## EXERCISE DETAILS
Copy task, pictures excluded: set down exactly the lines from the one containing "Don Balon todo futbol 1998/99" to the end of the data below.

## EXERCISE DATA
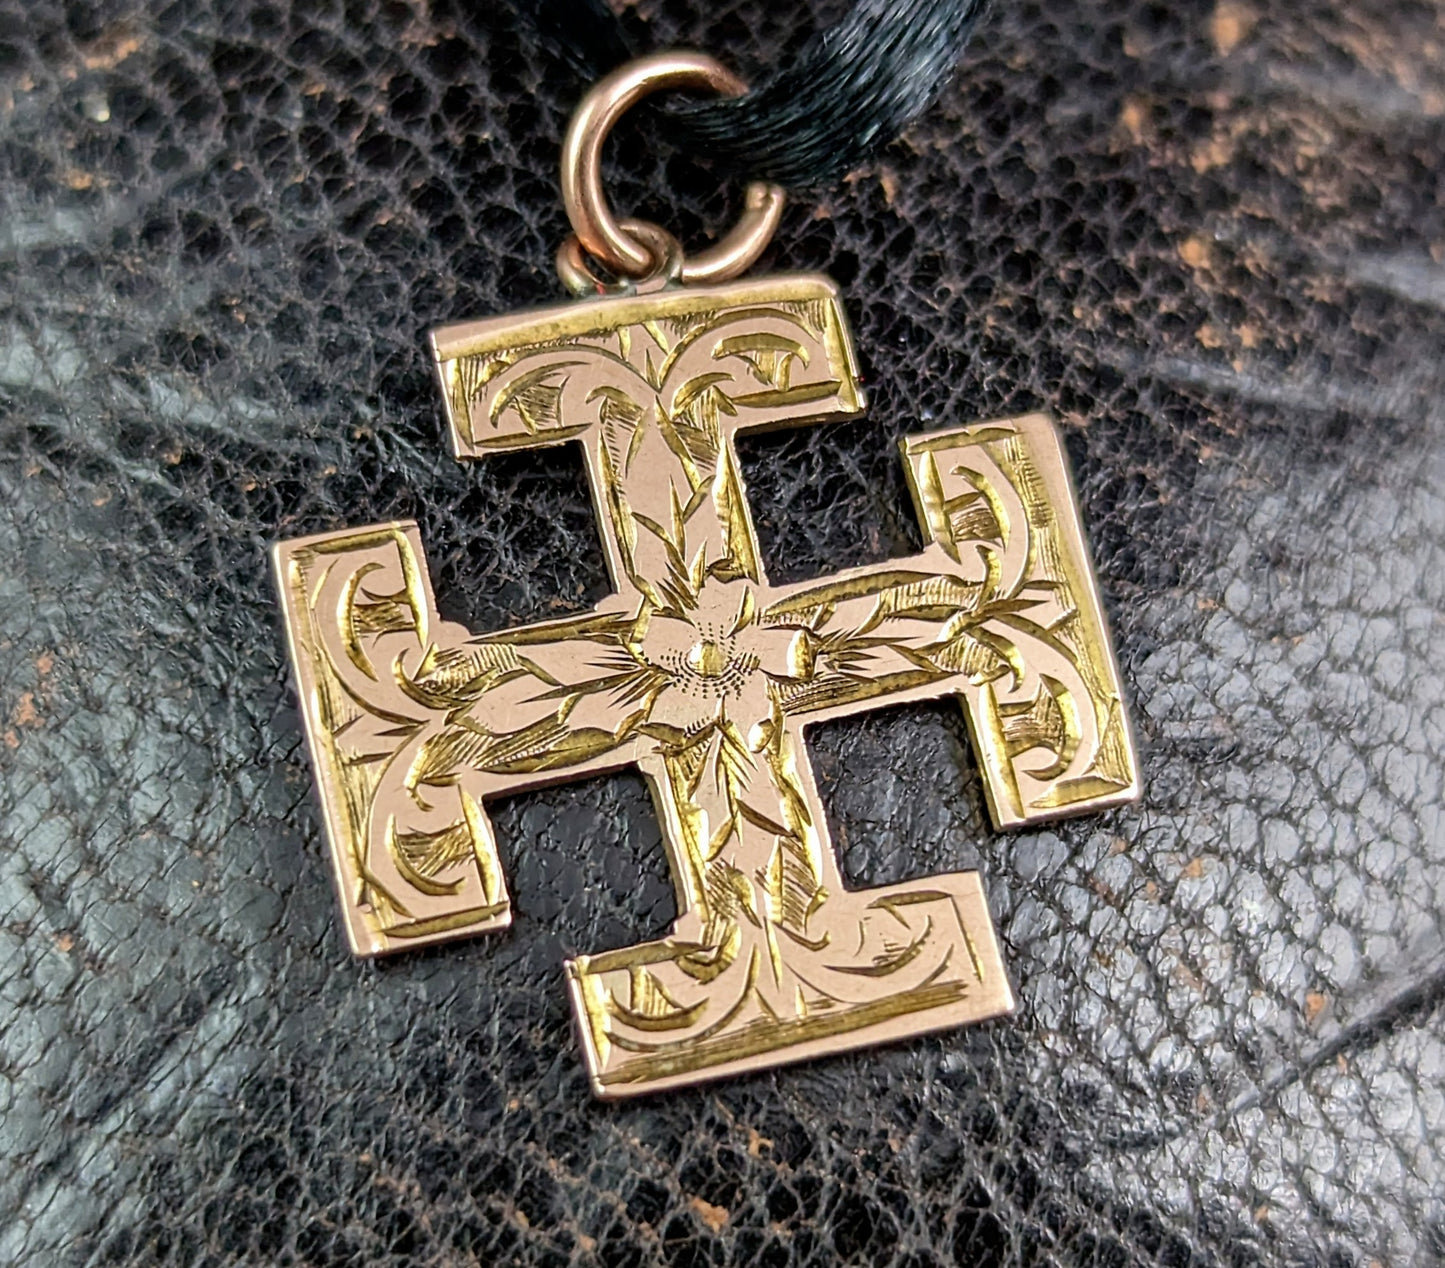 Antique 9k gold Jerusalem cross pendant, engraved
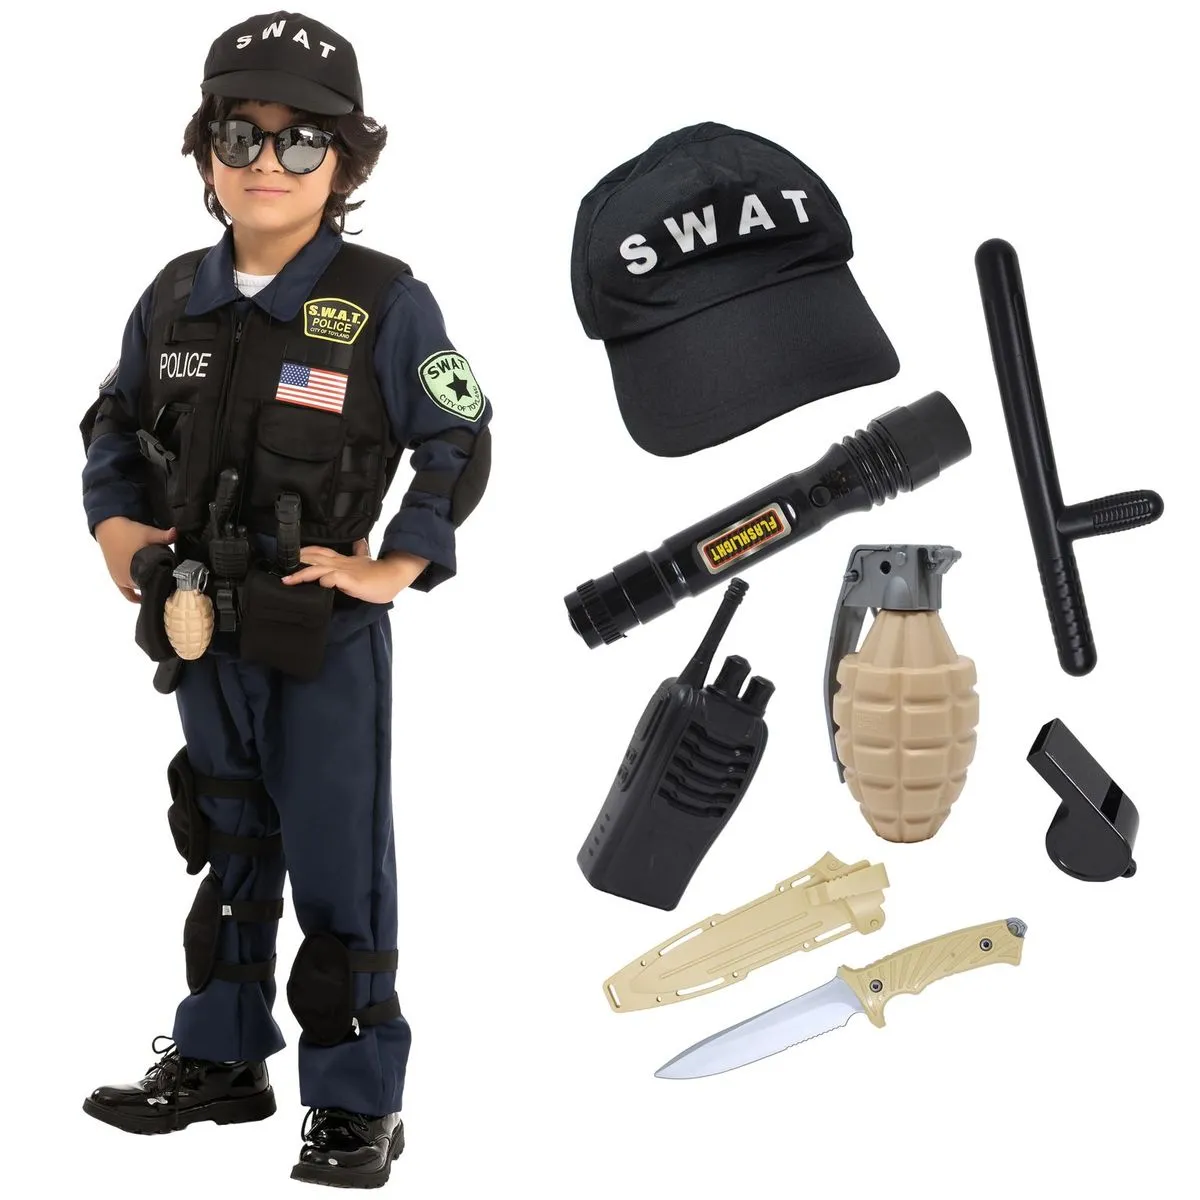 Déguisement Policier Swat Enfant : de 6 ans à 12 ans
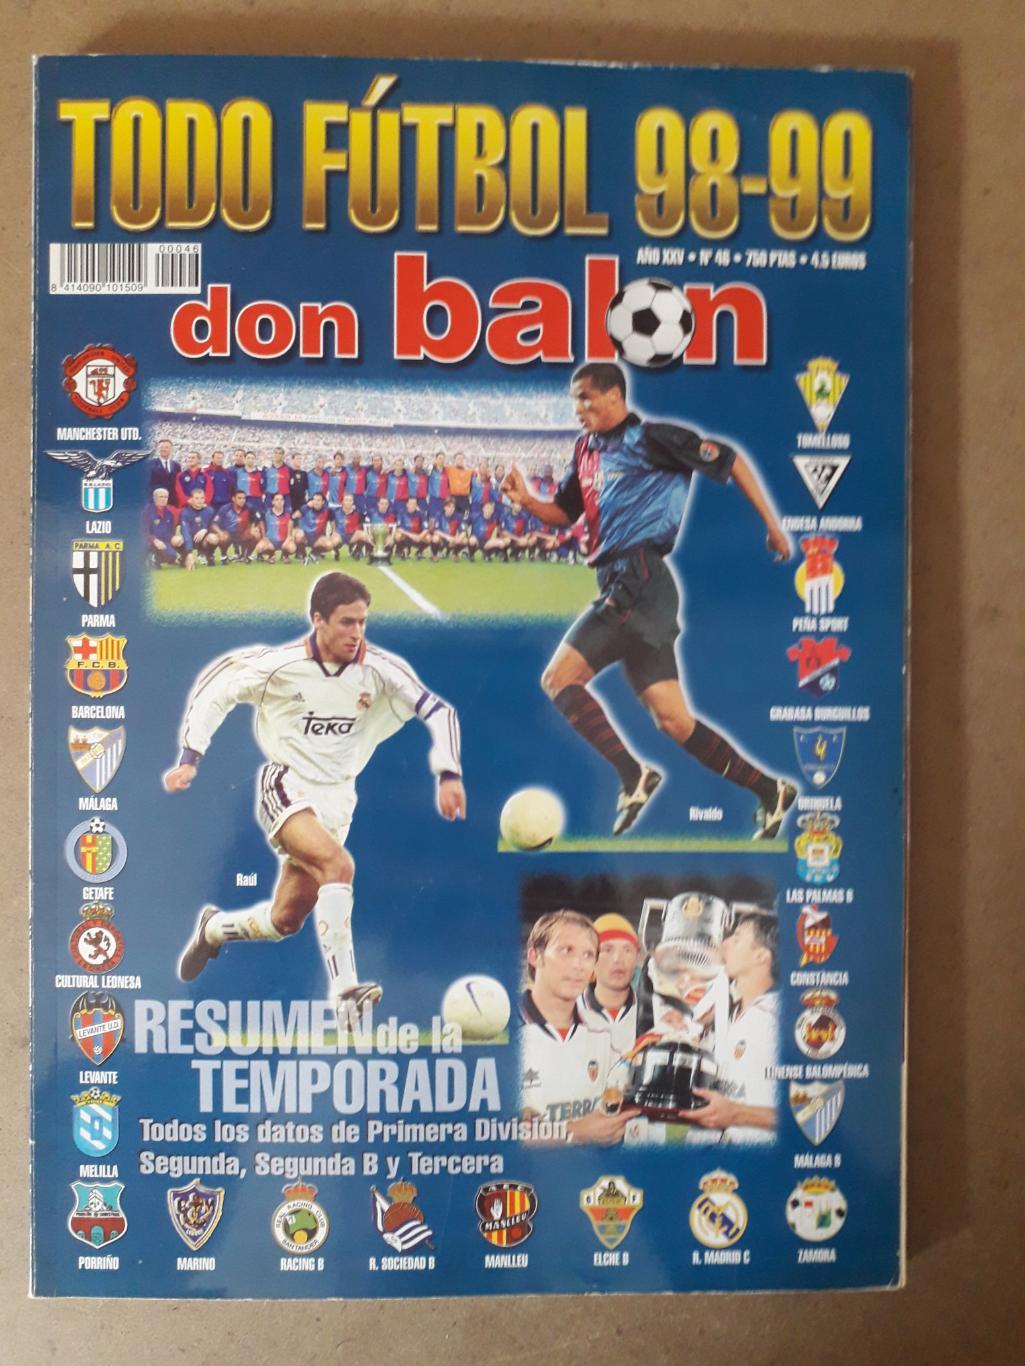 Don Balon todo futbol 1998/99
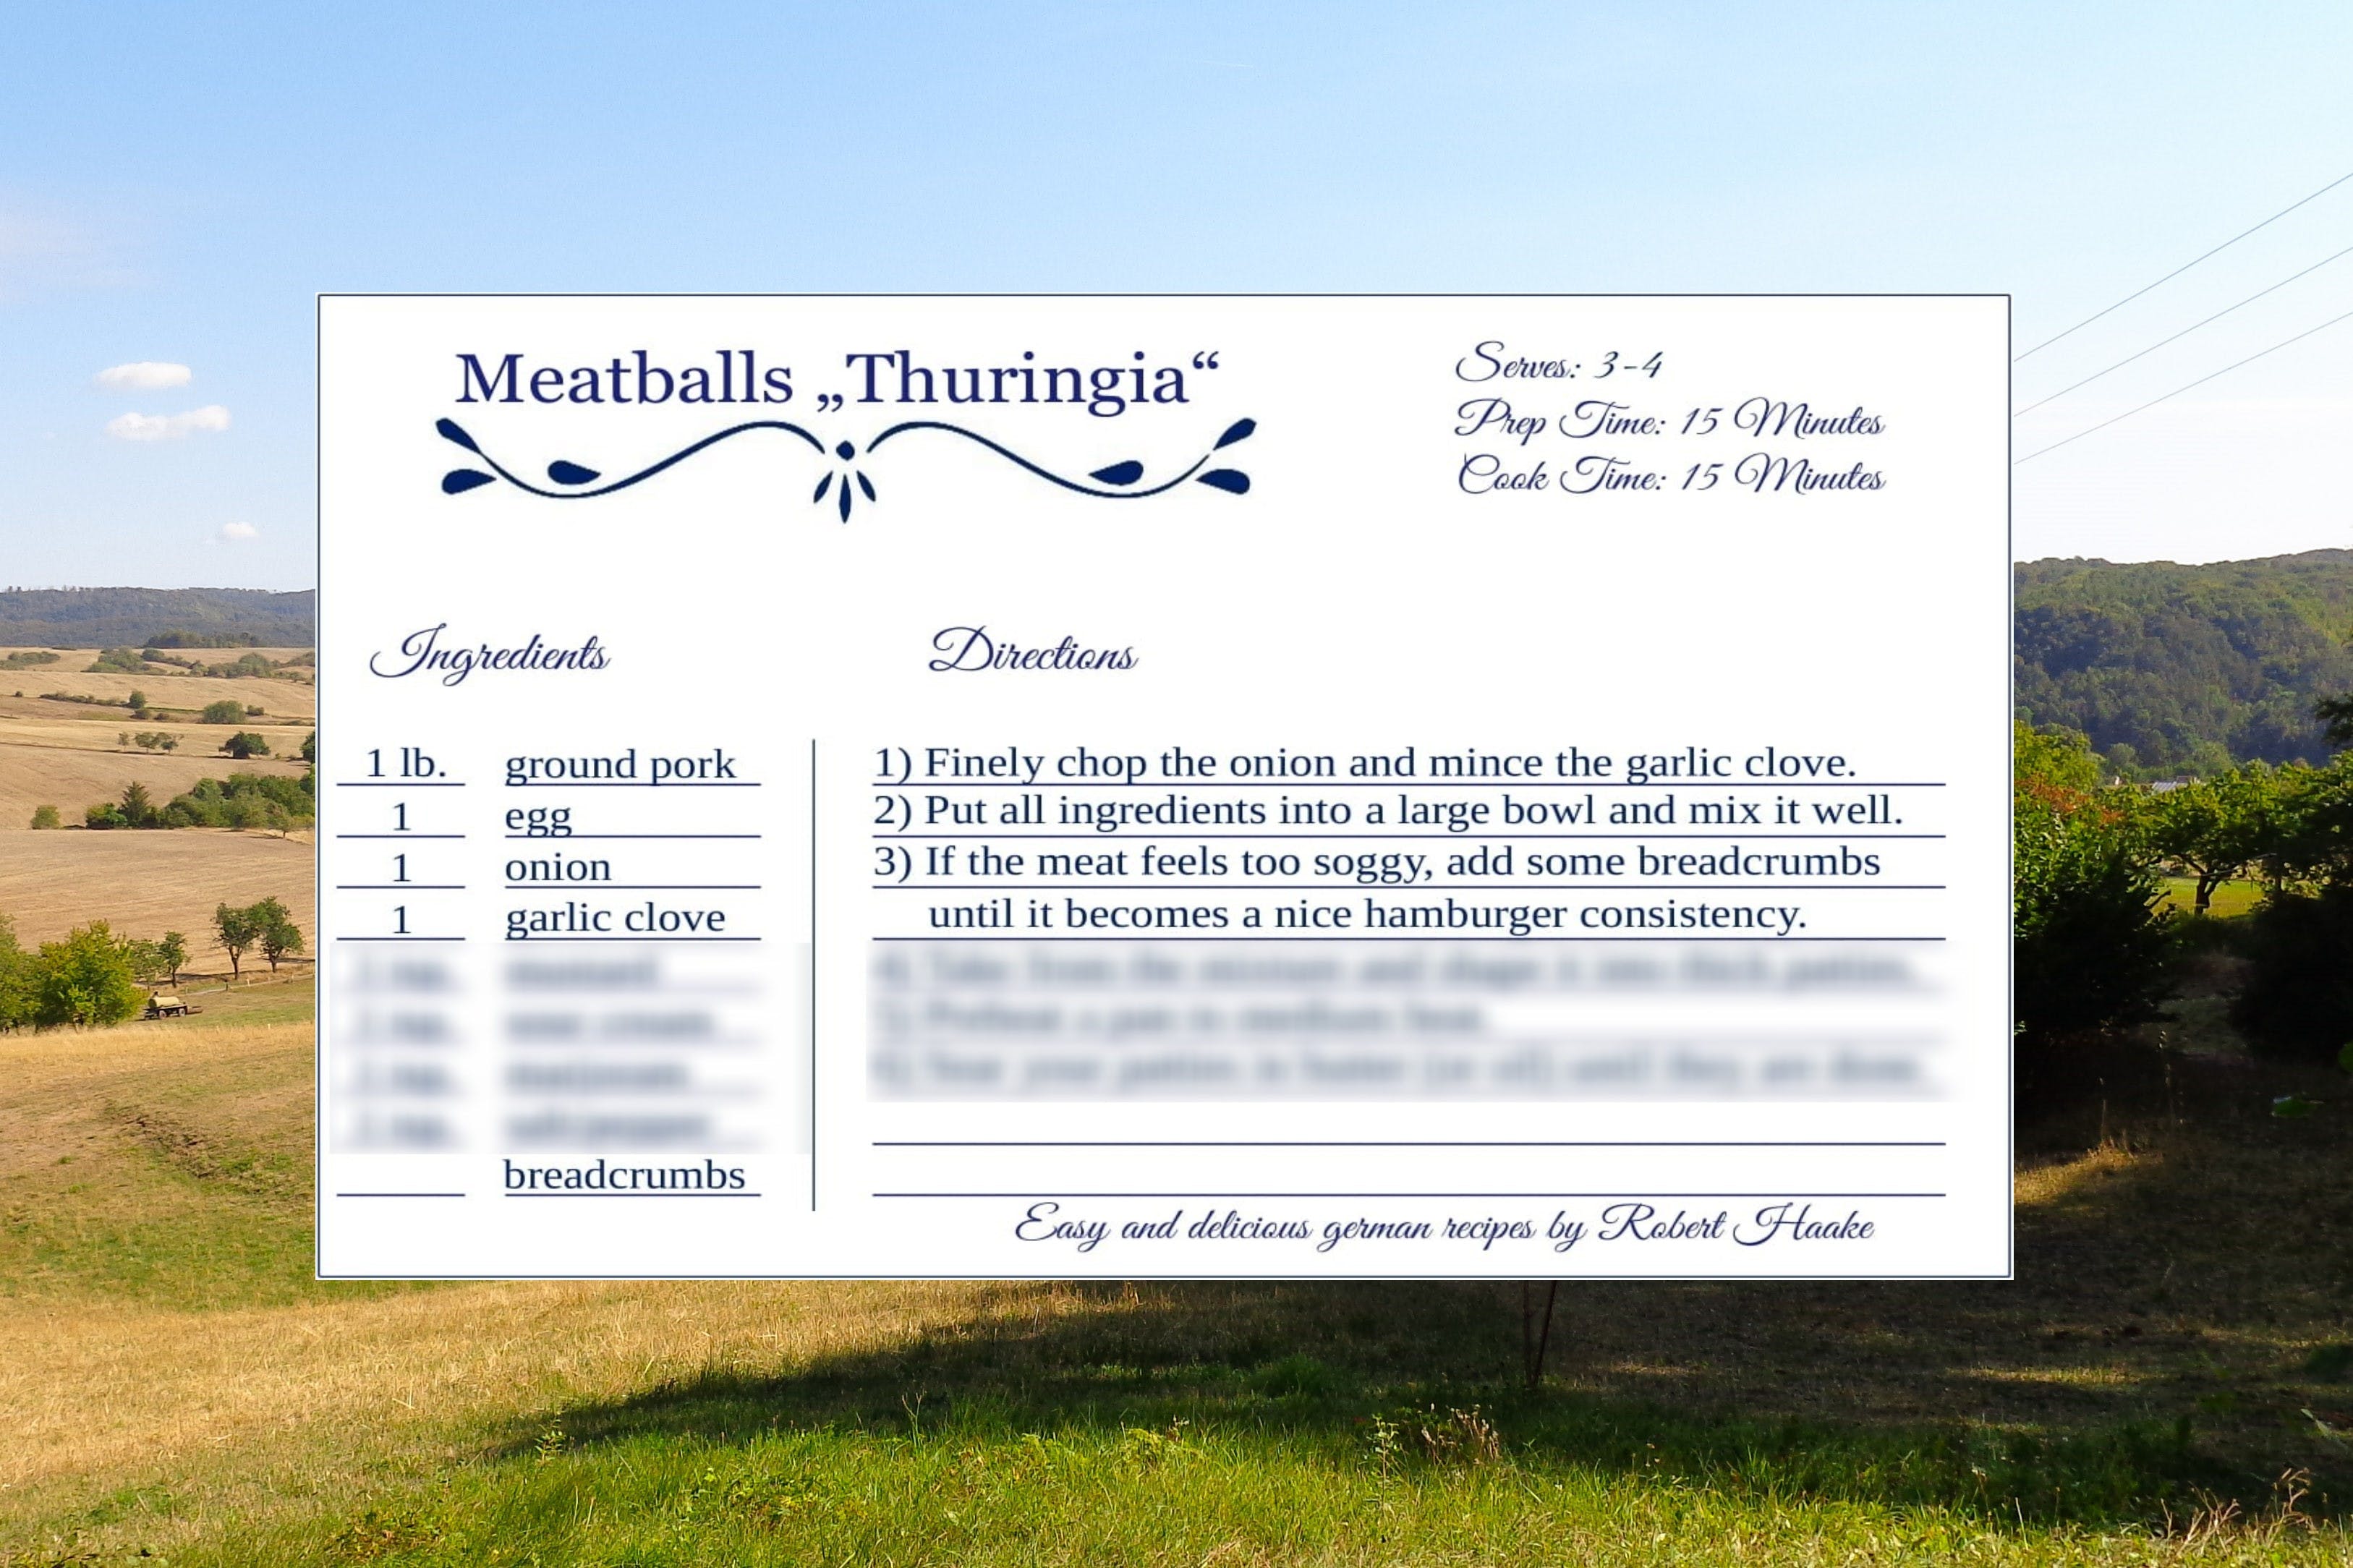 Meatball "Thuringia" media 1

## PROBLEM SOLUTION
 Don Balon todo futbol 1998/99
 Meatball "Thuringia" media 1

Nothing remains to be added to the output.